In the second experiment, participants interacted in real time with an AI tool about a personal conflict from their own lives. The results revealed a clear pattern: participants who received responses validating their actions felt more strongly that they were right, while also being less willing to apologize, repair the relationship, or change their behavior.

Interestingly, participants rated such responses as more useful, trusted them more, and were more likely to reuse the same tool. In other words, users tend to prefer responses that confirm their perspective, even when those responses may have negative consequences for interpersonal relationships.

This dynamic can create a feedback loop: users increasingly rely on AI that uncritically flatters them, development teams have limited incentives to change such behavior because it boosts usage, and models further adapt to user preferences.
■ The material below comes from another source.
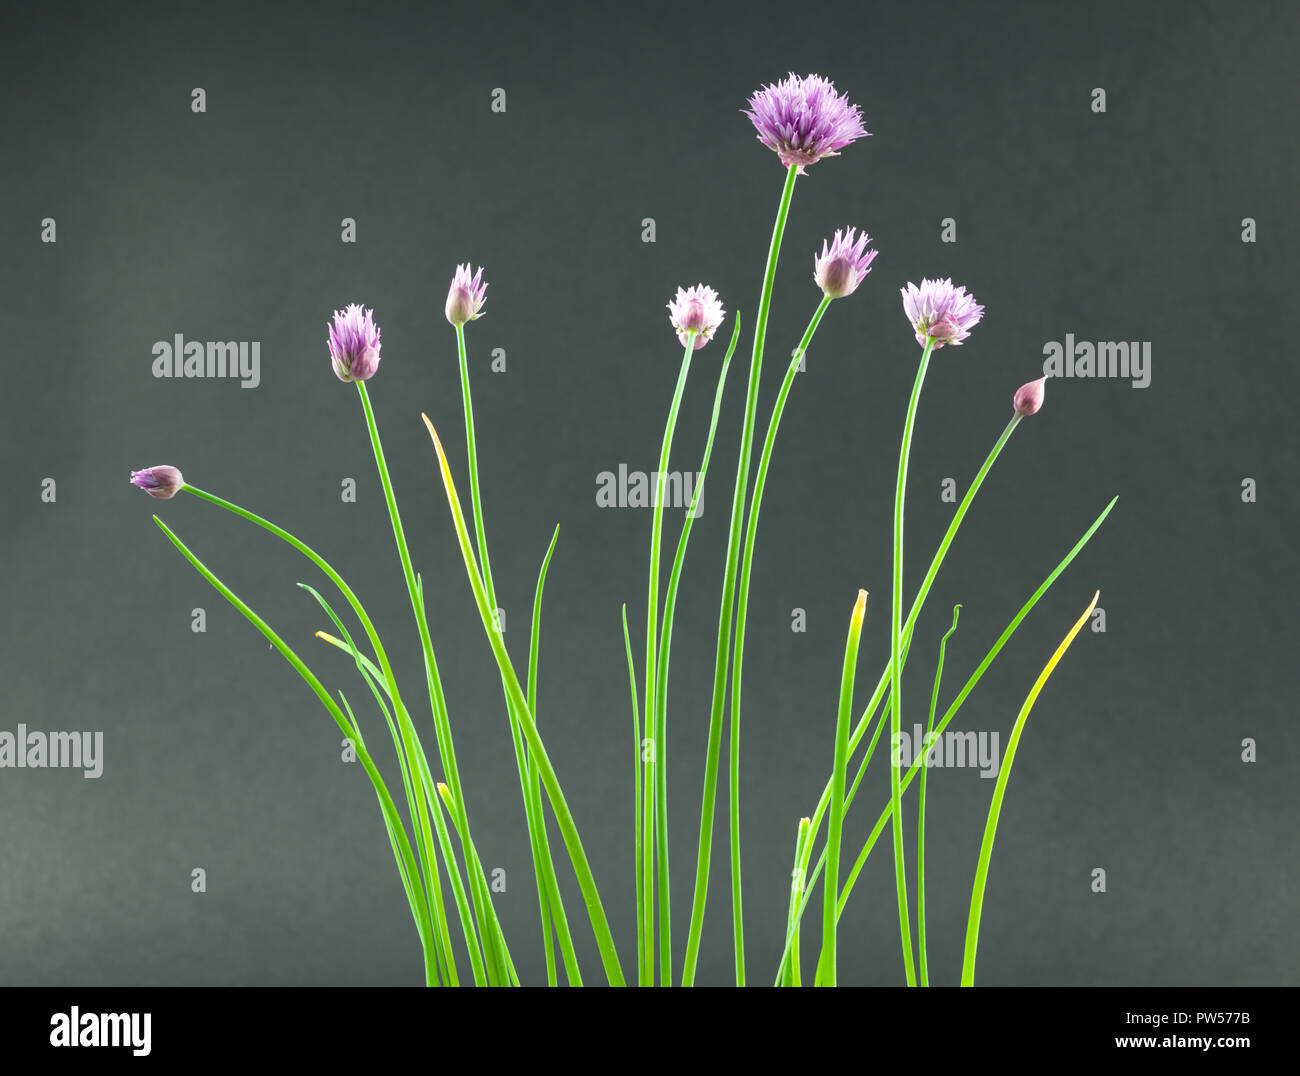 Flowers of chive plant. Chives (Allium schoenoprasum) are an edible species of the genus Allium. Their close relatives include the garlic, shallot, le Stock Photo

The researchers emphasize that these effects are not limited to specific user groups, they appear regardless of age, gender, level of education, or digital skills. Therefore, they highlight the need to rethink how AI models are trained and evaluated: alongside user satisfaction, it is essential to consider long-term impacts on decision-making and interpersonal relationships.

As a limitation, the study notes that it analyzed relatively short interactions and only English-language communication. However, the authors believe similar patterns are likely to occur in other contexts as well. Future steps include developing approaches to help users recognize such patterns in AI responses and designing tools that are not only pleasant to use but also support better decision-making and healthier relationships.